I know I"m making it hard on myself. That's another way that it's like having a small child. I can't go anywhere unless I can either bring Richard with me, or I can find someone to stay with Richard. When I'm not there I'm always worrying about if he's okay and if he needs anything, even if he's wondering whether I'm going to come back at all. I wake up during the night and check to see if Richard is still breathing just like I used to do with my son when he was a baby. And it will be worst of all when Richard finally dies and he's still the same. Then I'll end up losing him twice.

I already lost Richard once after the surgery. I lost so much of what was the essence of Richard-- his sense of humor, his support in my life, the man who was my companion and lover-- then. The next time I lose his body and possibilities. Once he's dead, then there's no chance he's going to be back. Well of course unless you believe in an afterlife, and I'm not sure I do.

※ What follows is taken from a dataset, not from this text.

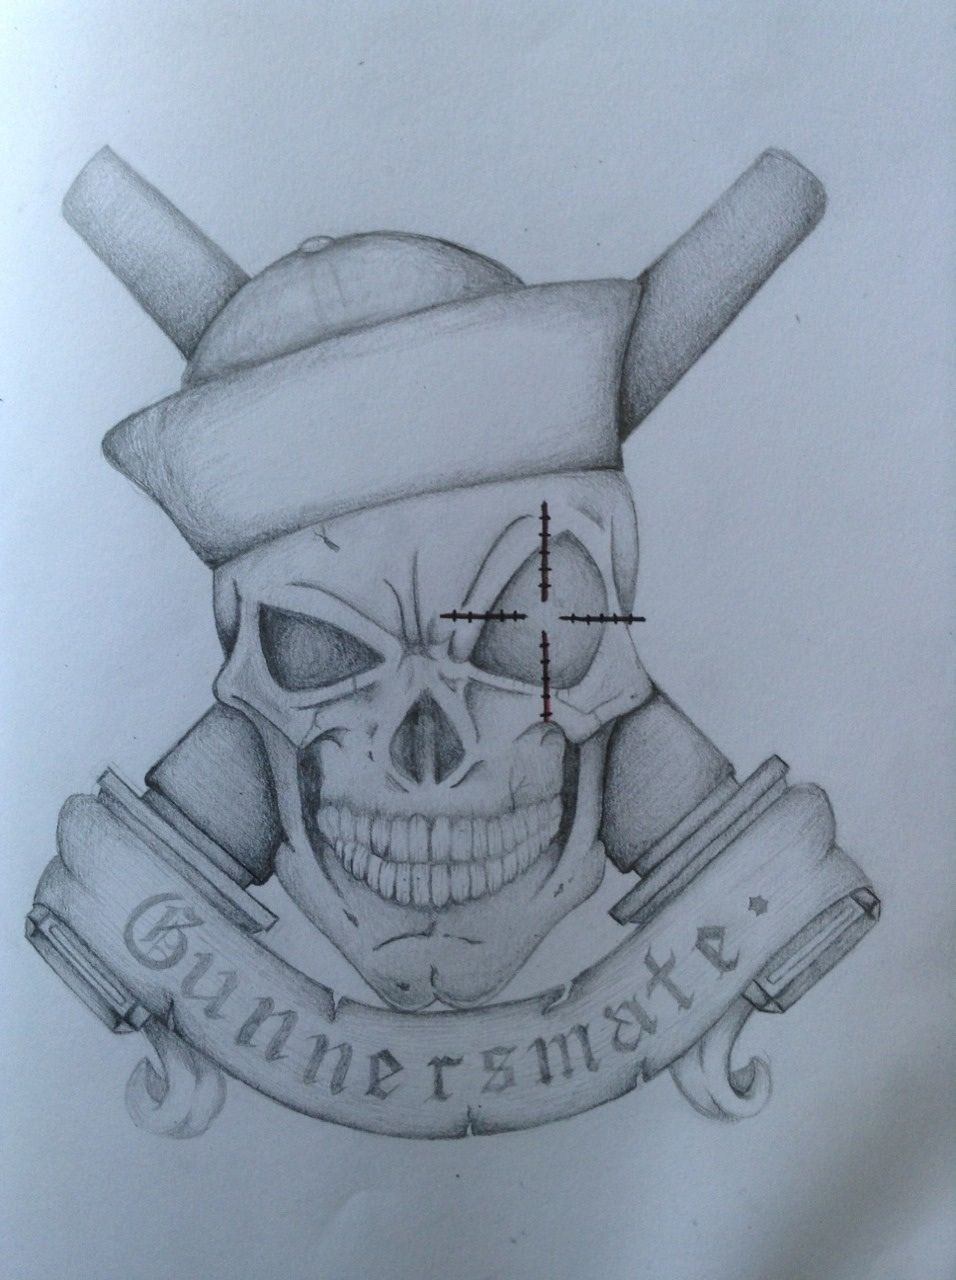 Gunners mate symbol navy gunnersmate symbol by greatlygeeky gunners mate symbol navy gunnersmate symbol by greatlygeeky biocorpaavc
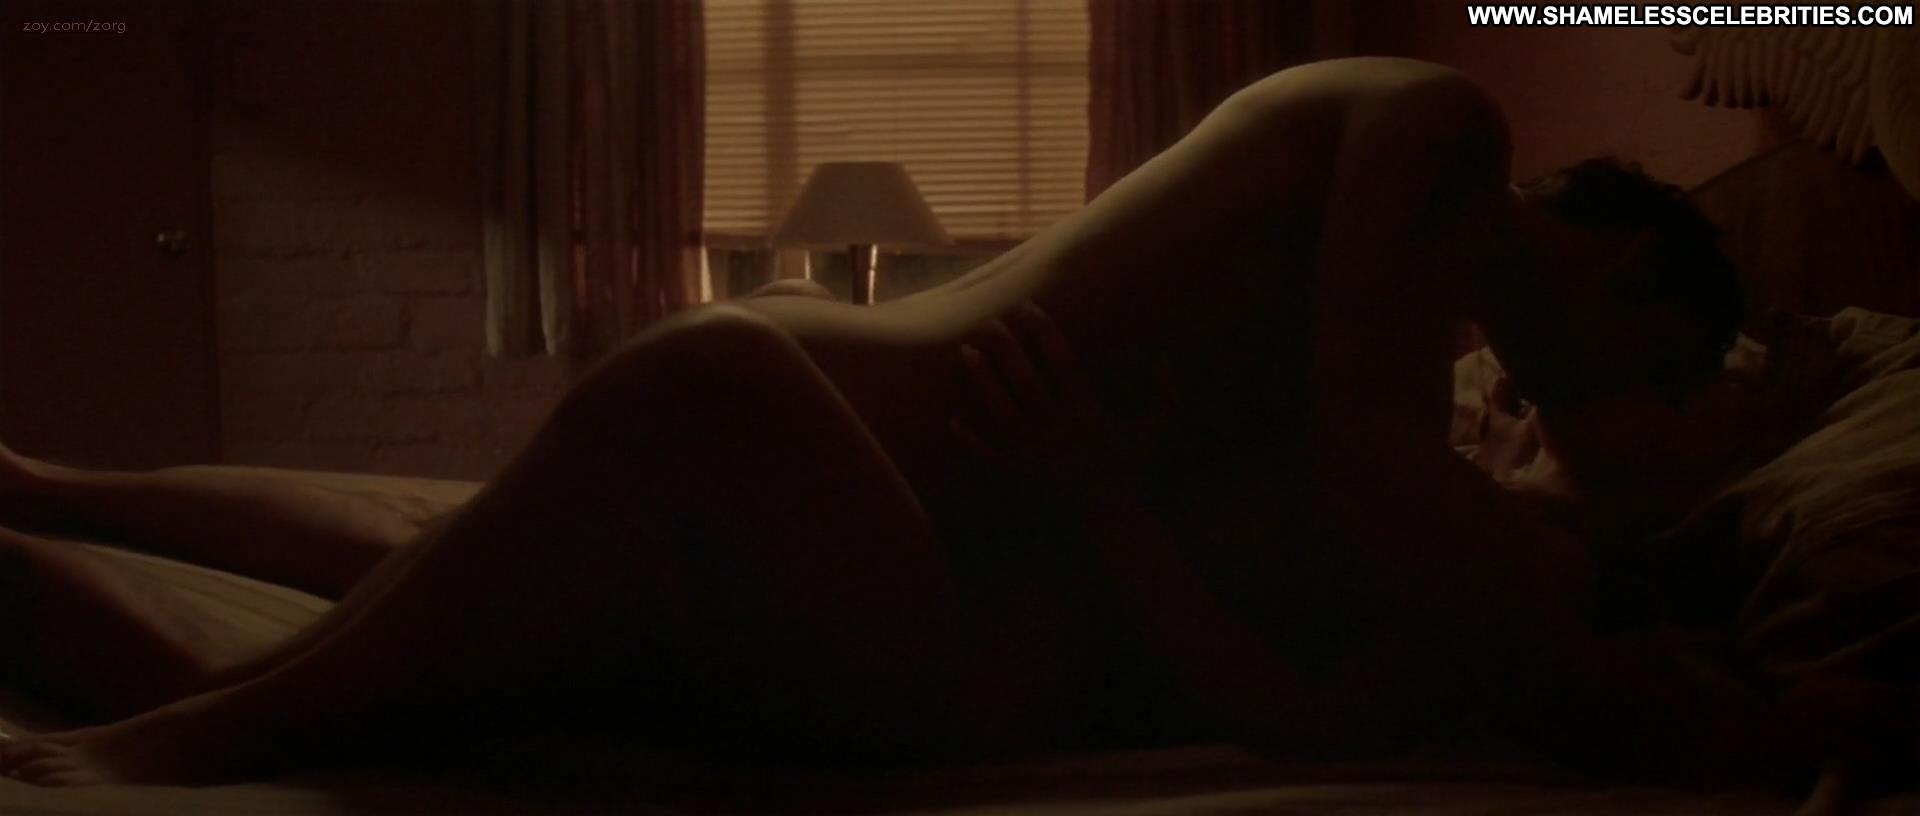 Women Sen Bob Menendez paid us for sex in the Dominican

Heaven knows my son thinks I'm crazy too. I know it embarasses him that not only is his dad in this shape when his friends' fathers are coming to games and helping them with their science projects or practice their fastball, but that when his friends come over they can see Richard sitting in his wheelchair seemingly disconnected from the world. It might be more comfortable for him if we did put Richard in a home. But the thing is I don't want him to think that we don't do things because they're hard or unpleasant, or that we stop loving someone we're committed to when they become less lovable. I need him to know that if something were to happen to him, or he made a chioce I didn't agree with that I would do any less for him that I do for Richard. Deep down, I think he needs to know that his dad may still be in there too and that if he is, he's being taken care of.

So as complex and vague as all that was I guess that's it. That's the rationale behind the whole thing: I still love Richard and I will give up on him. It's not guilt, it's love, even if the two go together.